In fact, the state steps in as a substitute for the father,
once again eclipsing women's way. Whether as capitalist welfare or
as management of resources by a communist or socialist state,
the law or the charity of the collective fathers discounts and
often defiles the reality of giftgiving life.
The visitor from outer space would recognize the
importance of the fact that women do some 60% of the world's
agricultural work, yet own only about 1% of the world's
property. Feminists usually think of this strange disproportion in terms of
justice--that is, of creating change to make women own as great
a quantity of property as men do. I would like to propose that
the reason women own so little property is that we have a
different way of relating to our surroundings. We need to dismantle
the structures of patriarchy, including the structures of ownership
that are based on masculation, and propose a women's model
of property based on giftgiving.
Does Giftgiving Exist?
Money is the means for satisfying co-municative need in
the community of exchangers, private property owners.
Exchange value is the relevance of products to that kind of
contradictory mutually exclusive co-munication. Like the verb 'to be,'
money substitutes the act of substitution of one product for another.

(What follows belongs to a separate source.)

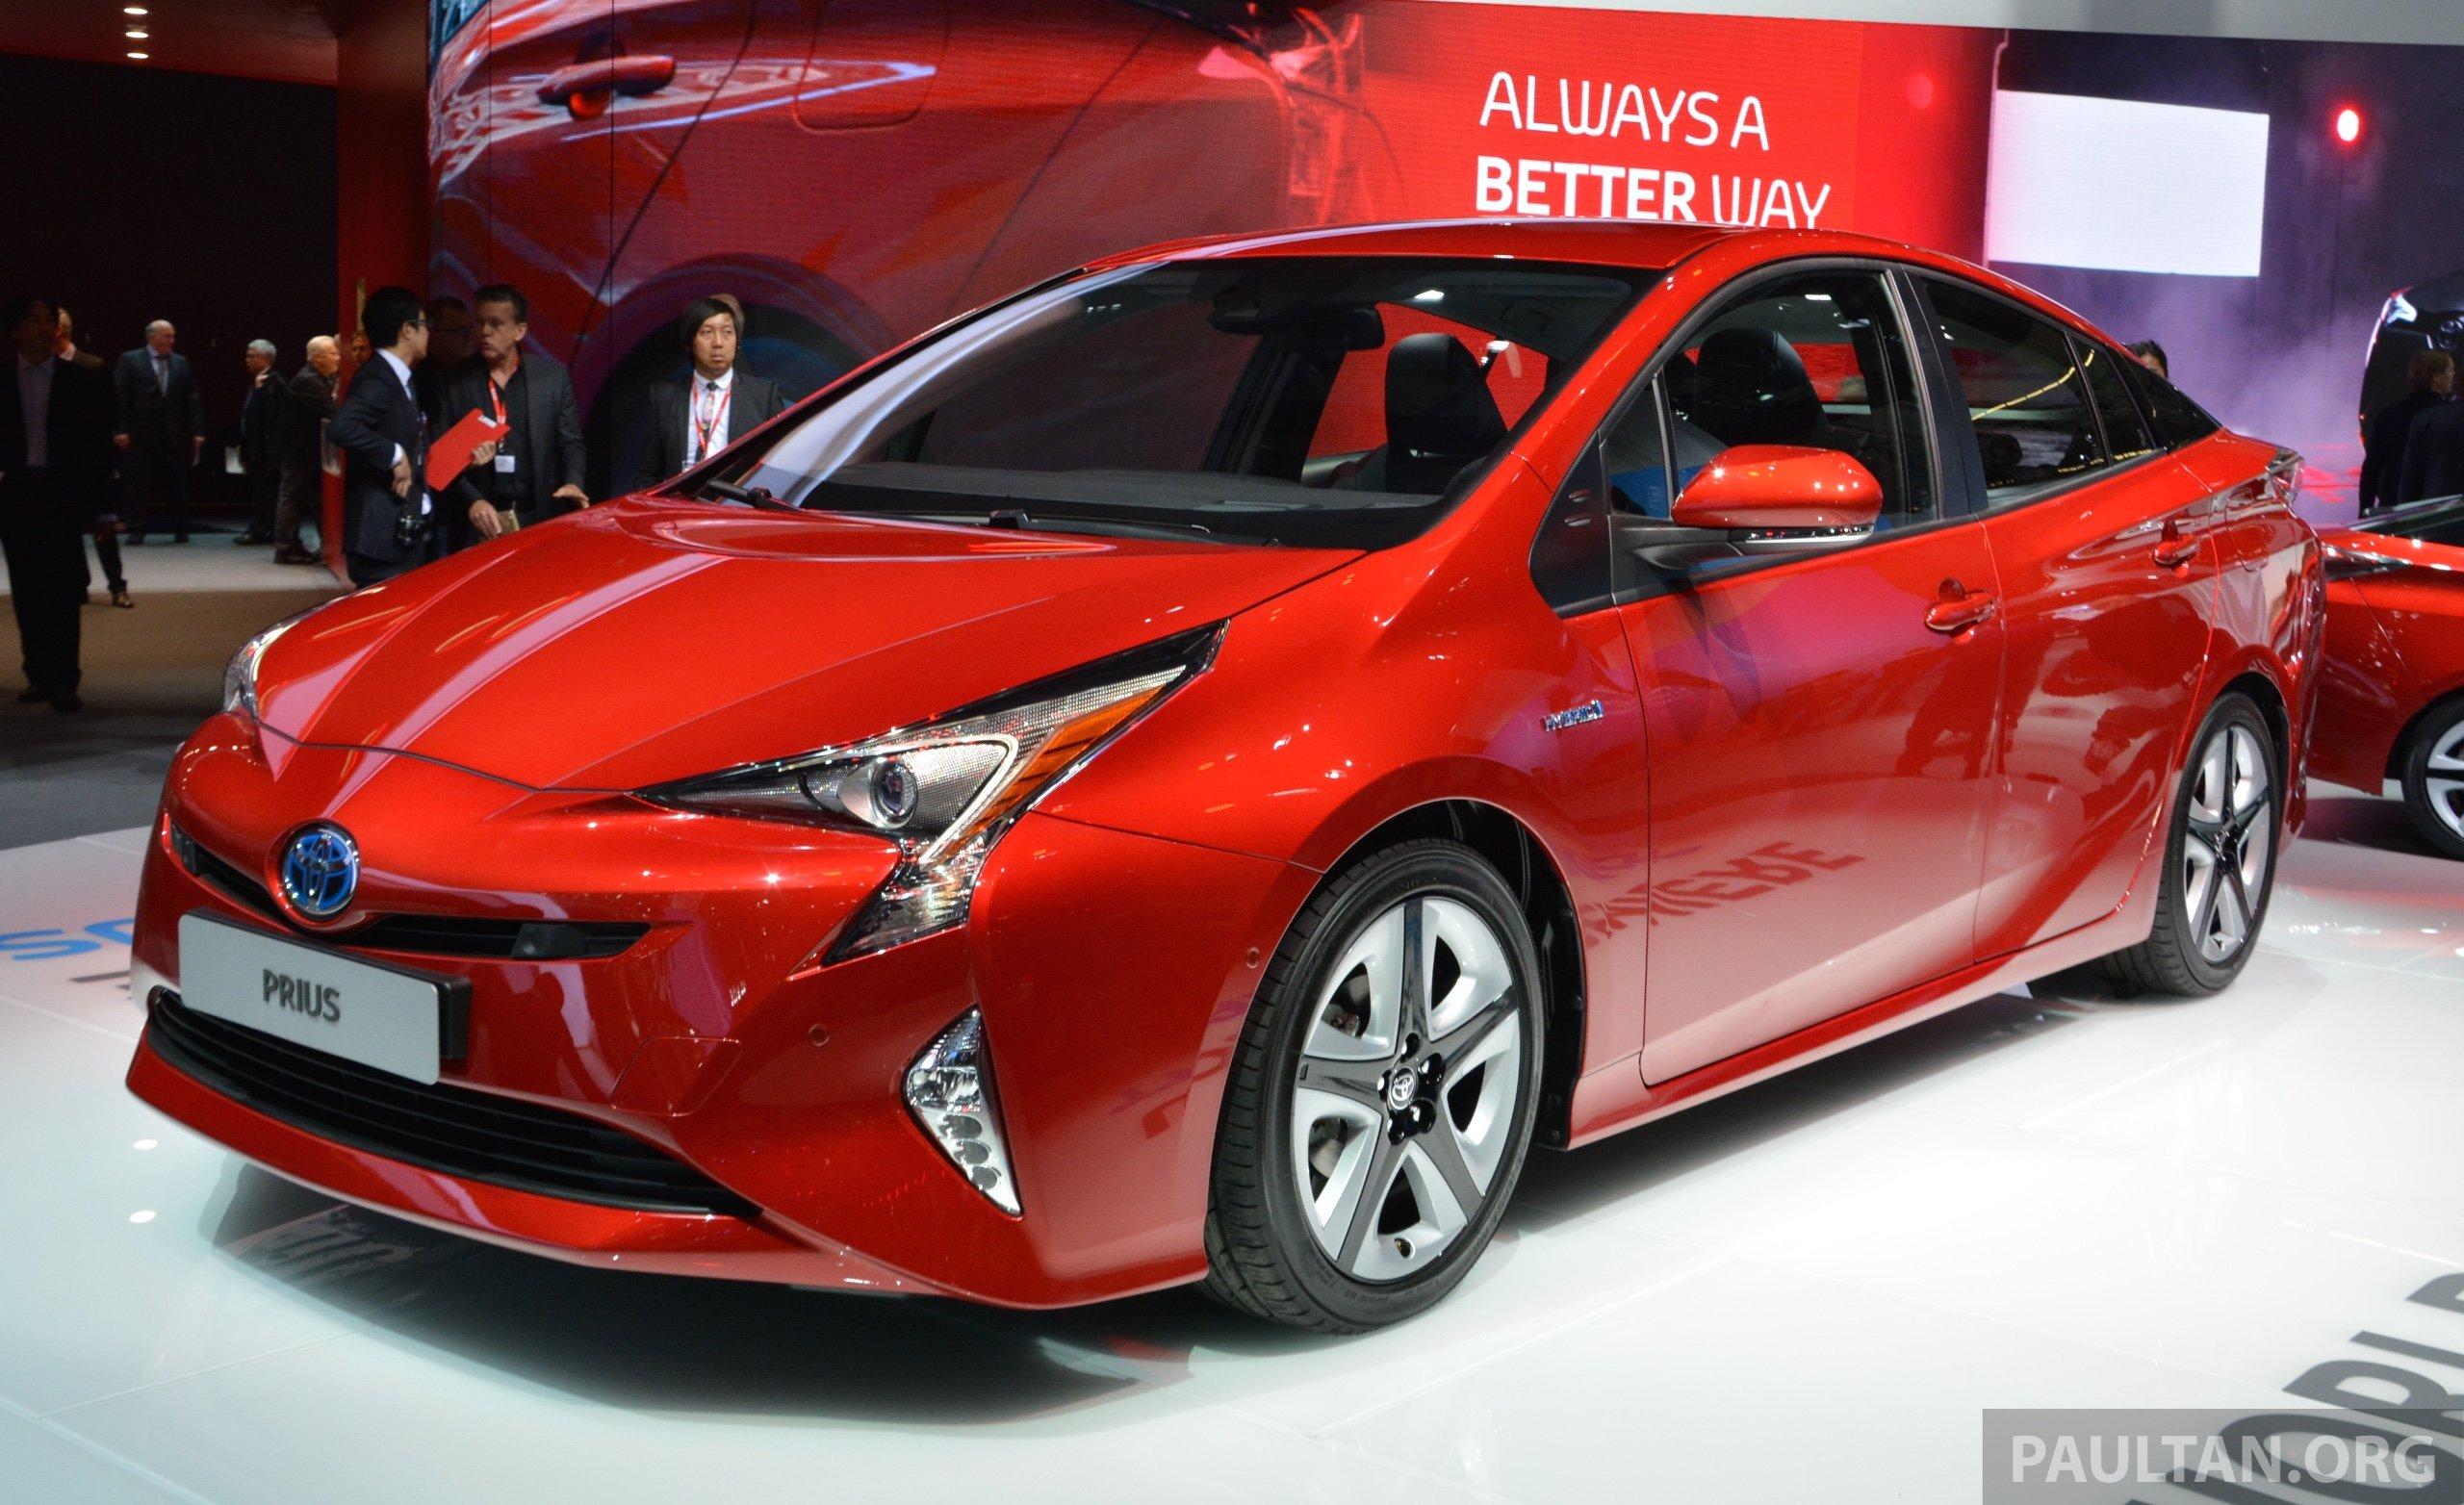 Toyota-Prius-4th-gen-Frankfurt-1.jpg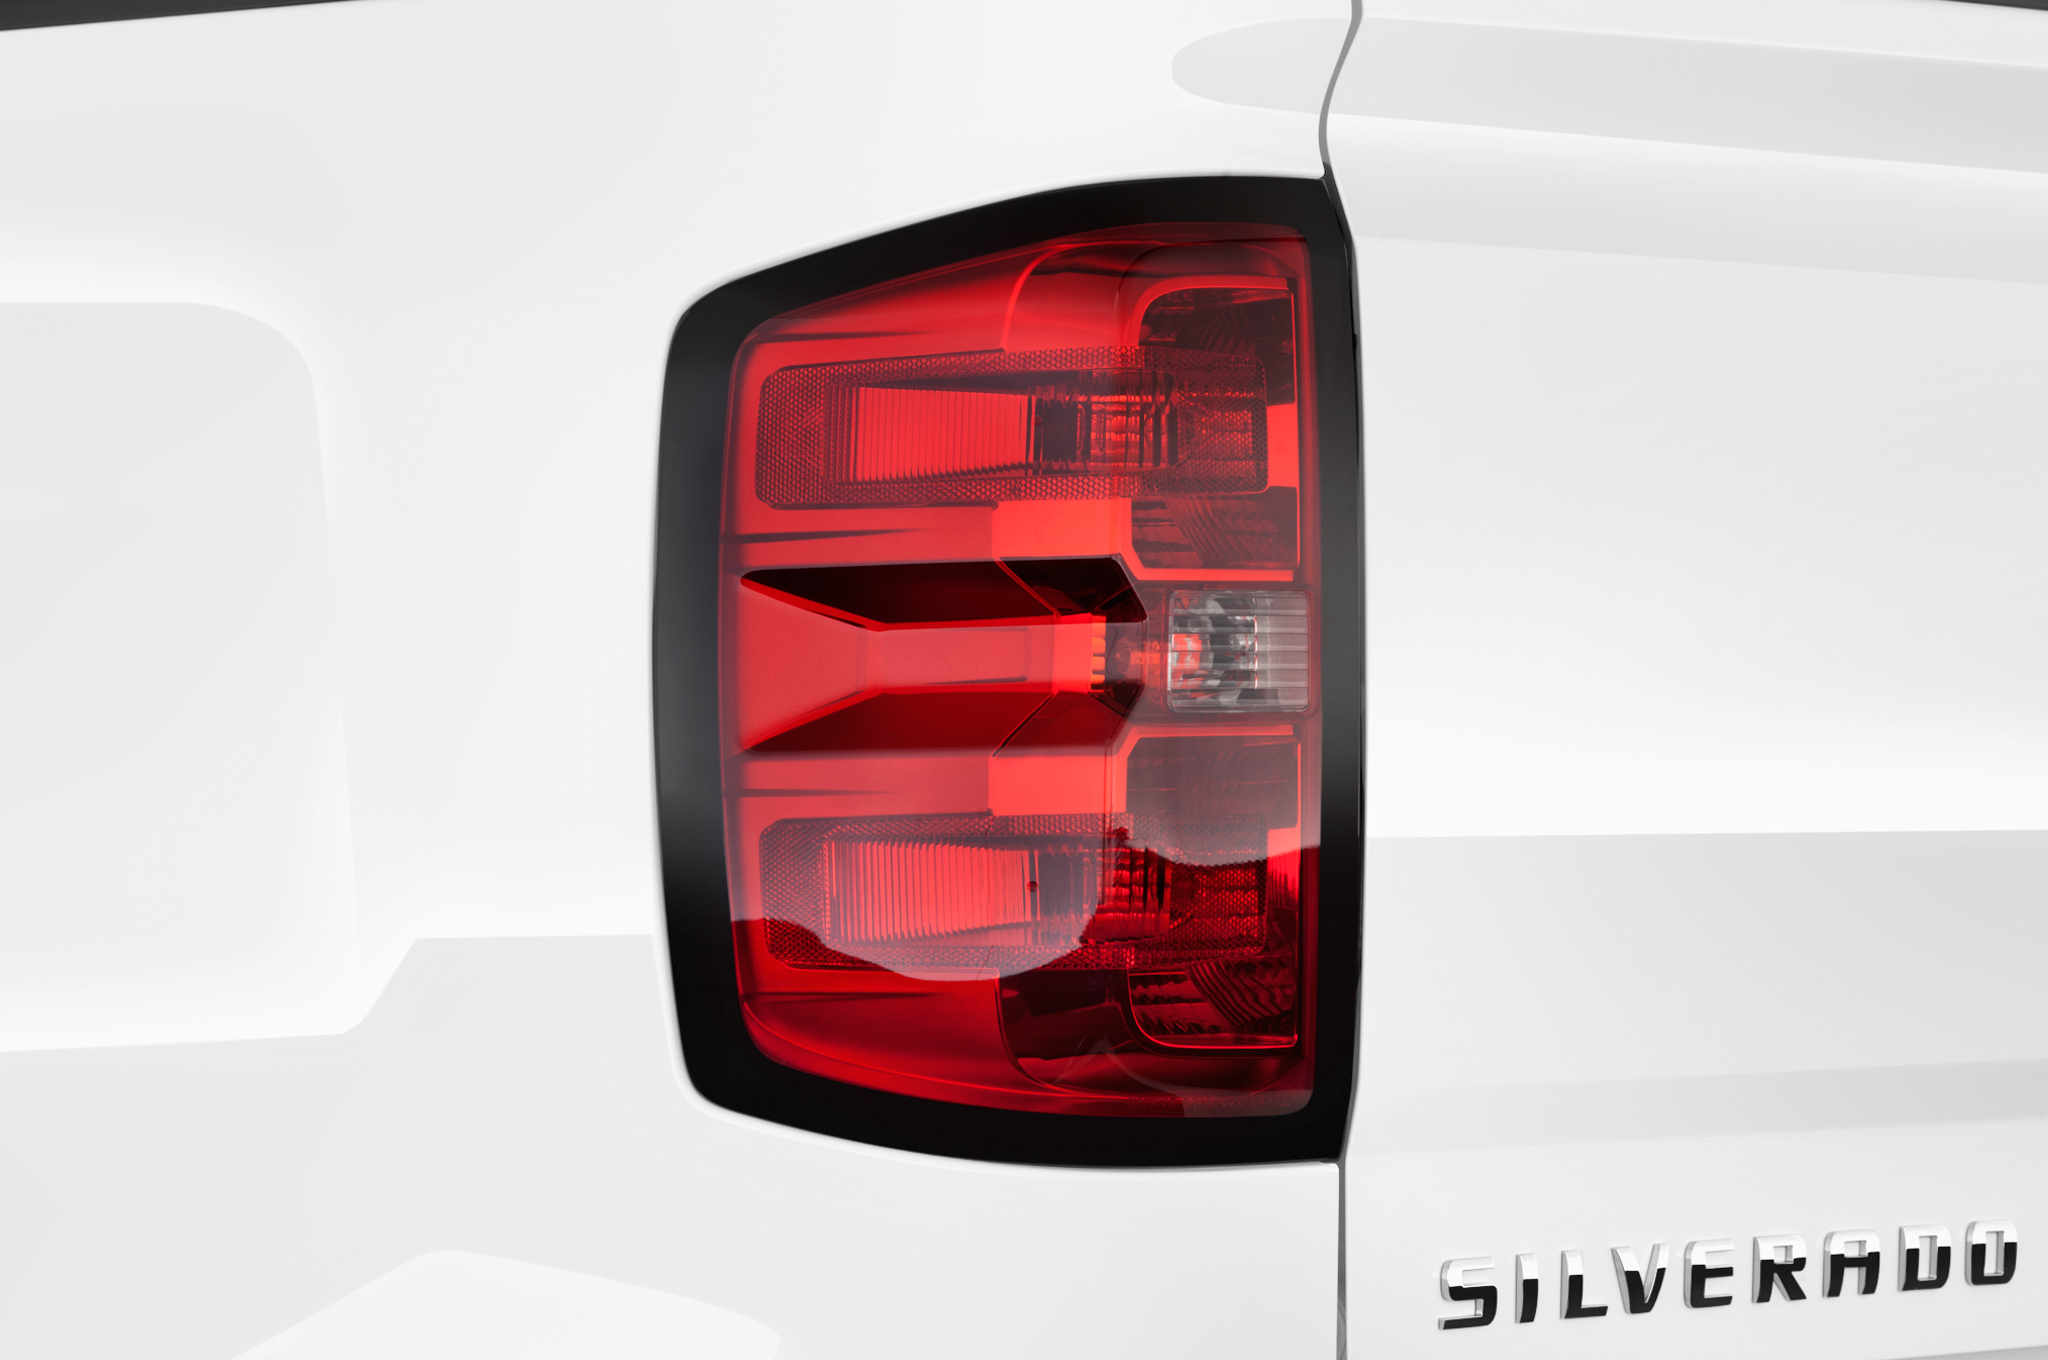 2016 Chevrolet Silverado, GMC Sierra Add eist Hybrid ... on gmc canyon tail light wiring diagram, cadillac srx tail light wiring diagram, 2014 gmc sierra fuse diagram, toyota camry tail light wiring diagram,

I believe that the co-municative value of things is
expressed in words, which take their place as gifts in creating human
bonds. Words may also be seen as having a positional value relative
to each other in the system of the langue.11 If kinds of things
were not relevant to human beings repeatedly, they would not
become related to words as their names (though they could still be
talked
about in sentences). Thus, the reason anyone has any
words given to her/him by others is that they are in use in
the collective, which is made up of many others whom each of us
will never know.
The value of something for the collective is outside
the individual communicative interaction and outside the
individual money exchange transaction. It is really for others. The identity of a cultural item can be found in its verbal substitute gift,
outside the individual communicative interaction, in the collective.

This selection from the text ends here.